[STORED DATA]
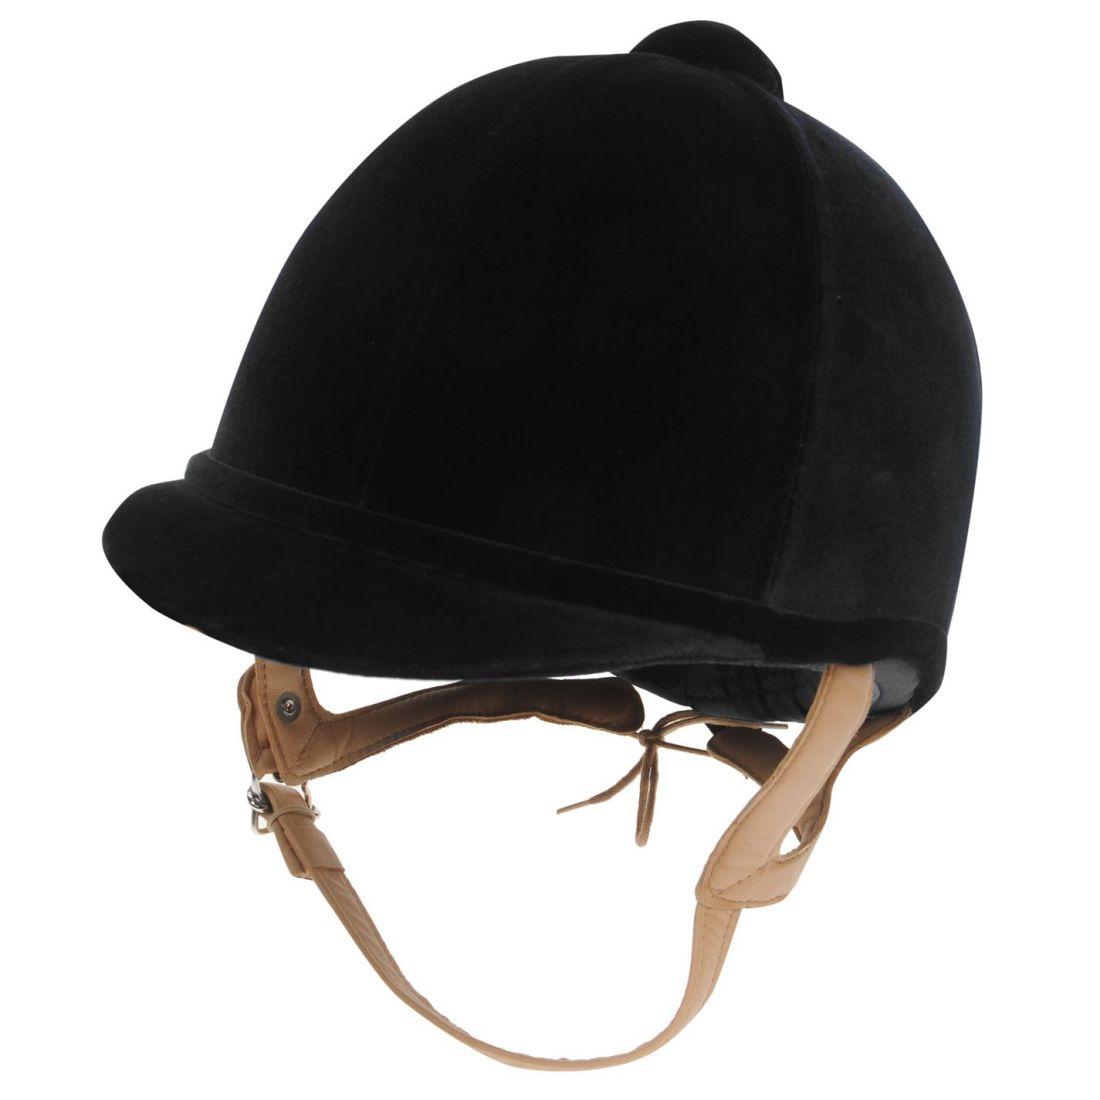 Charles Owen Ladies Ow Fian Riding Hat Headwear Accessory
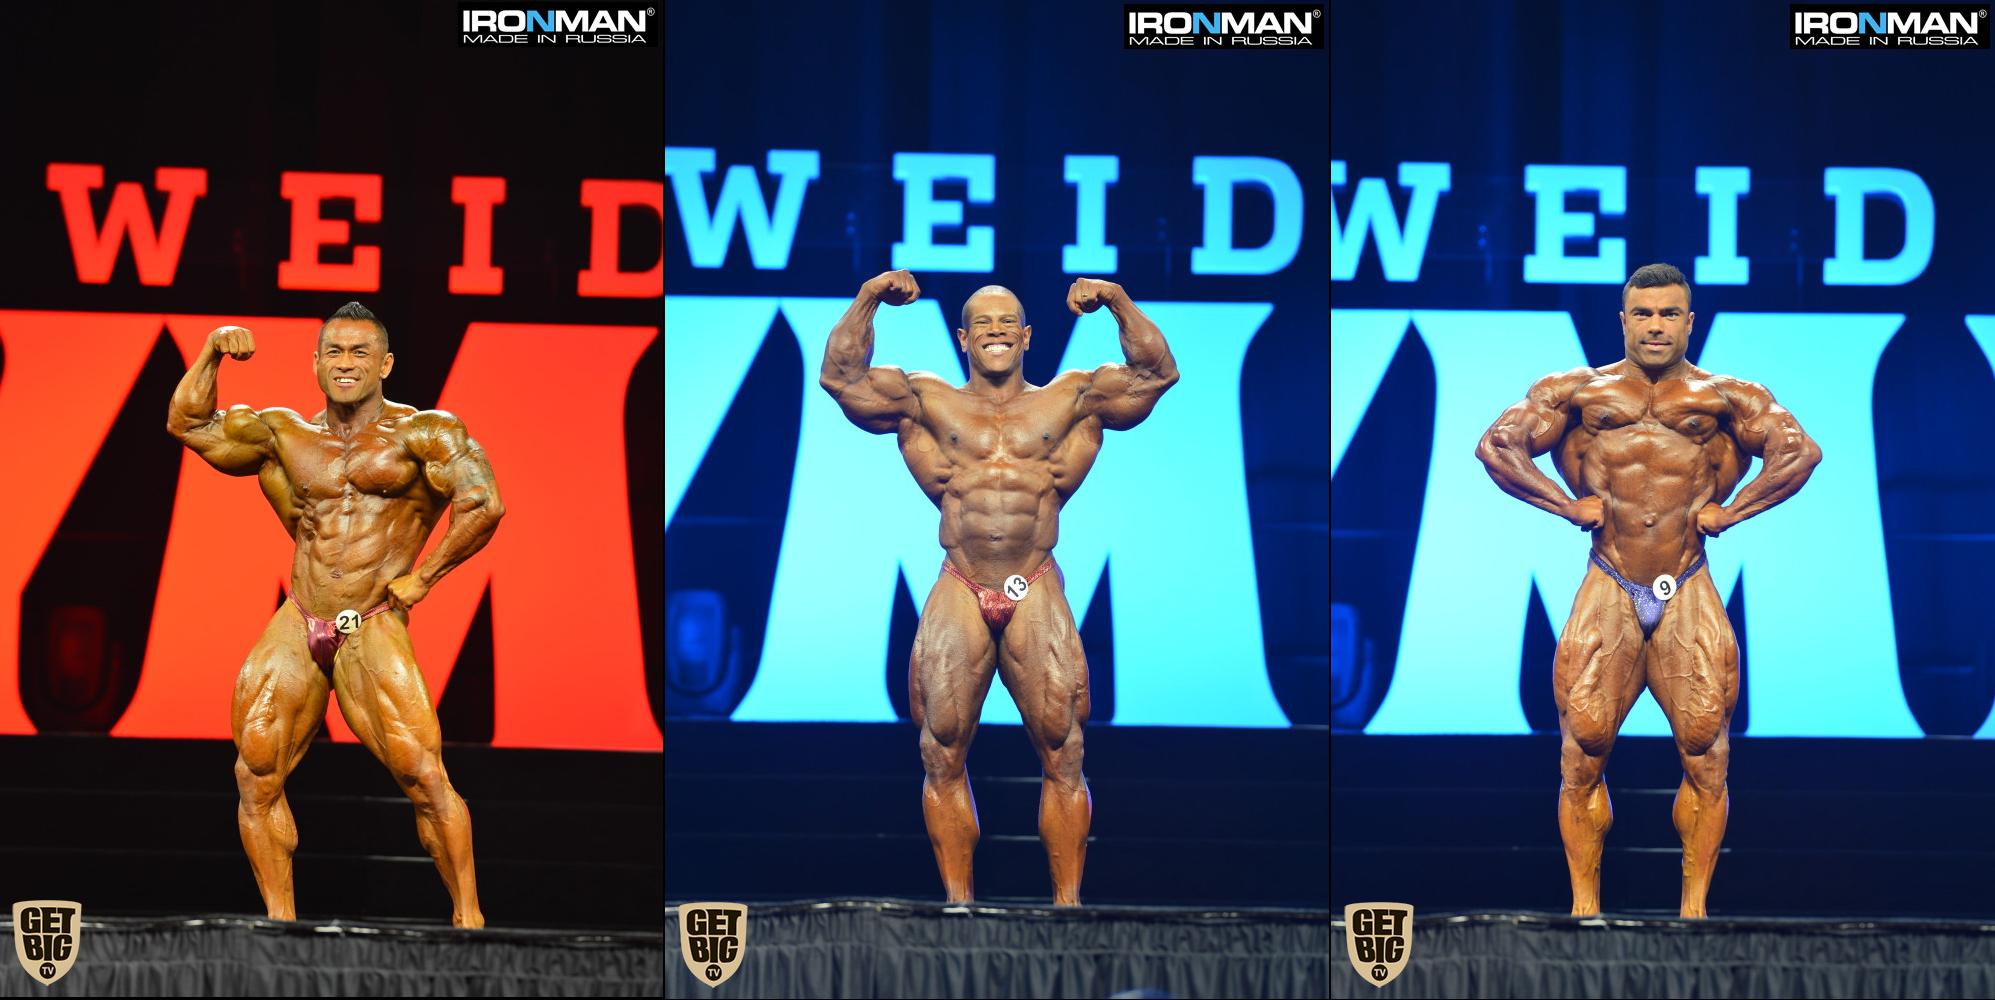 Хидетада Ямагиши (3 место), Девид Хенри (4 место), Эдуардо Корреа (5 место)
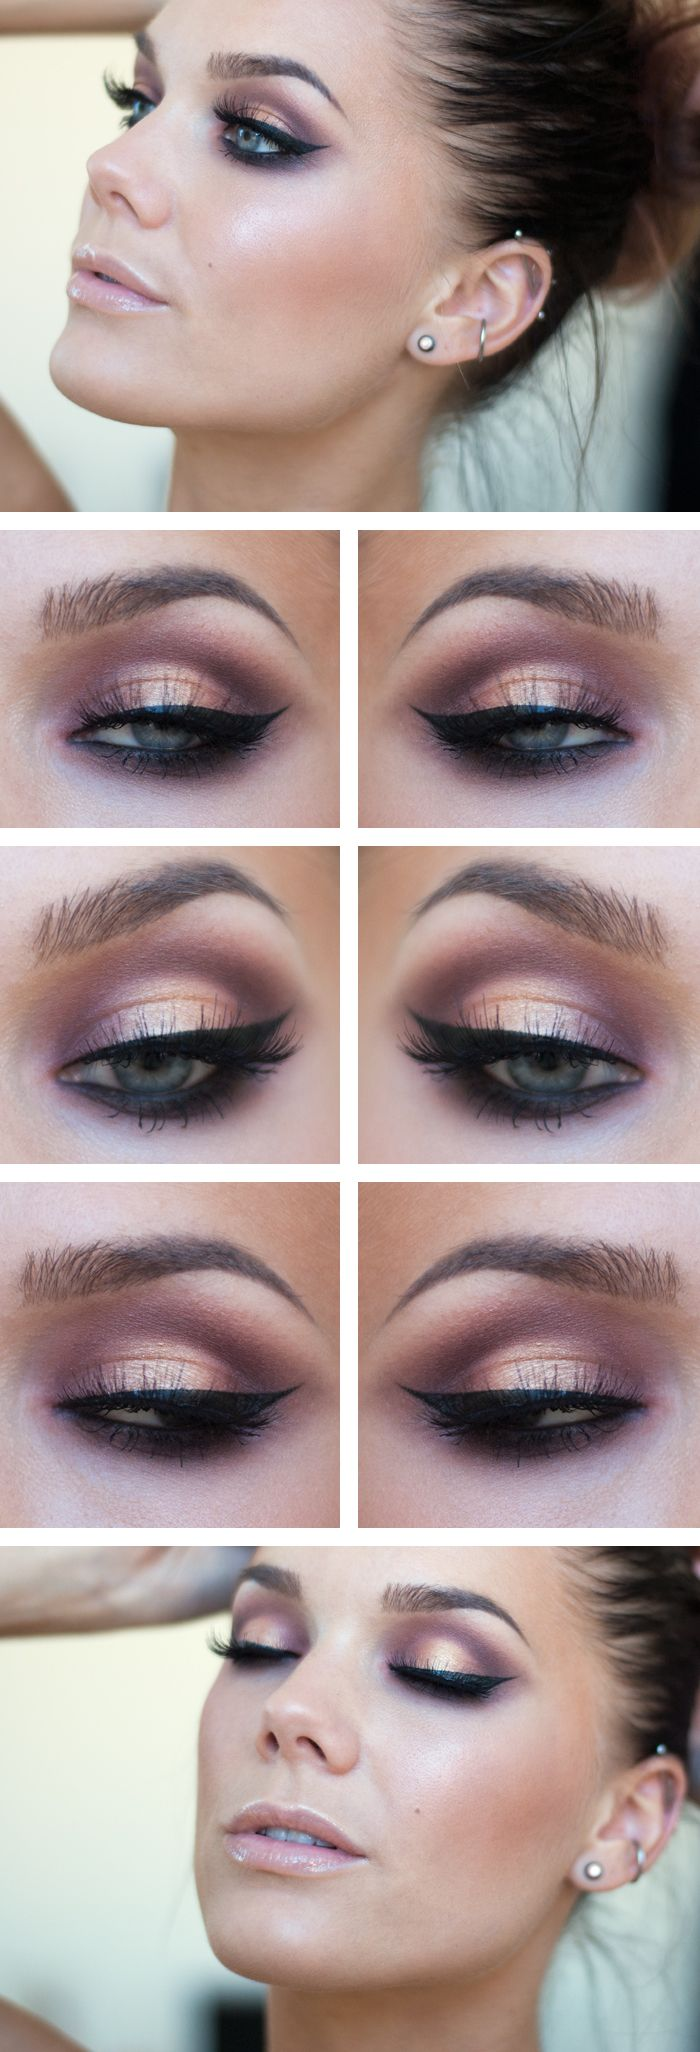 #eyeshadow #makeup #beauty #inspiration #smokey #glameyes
[/STORED DATA]
• **TASK**: With pictures left out, transcribe each line from the one containing "Хидетада Ямагиши (3" through the end of the data, both ends included.

• **ANSWER FOR THIS EXERCISE**:
 Хидетада Ямагиши (3 место), Девид Хенри (4 место), Эдуардо Корреа (5 место)
 #eyeshadow #makeup #beauty #inspiration #smokey #glameyes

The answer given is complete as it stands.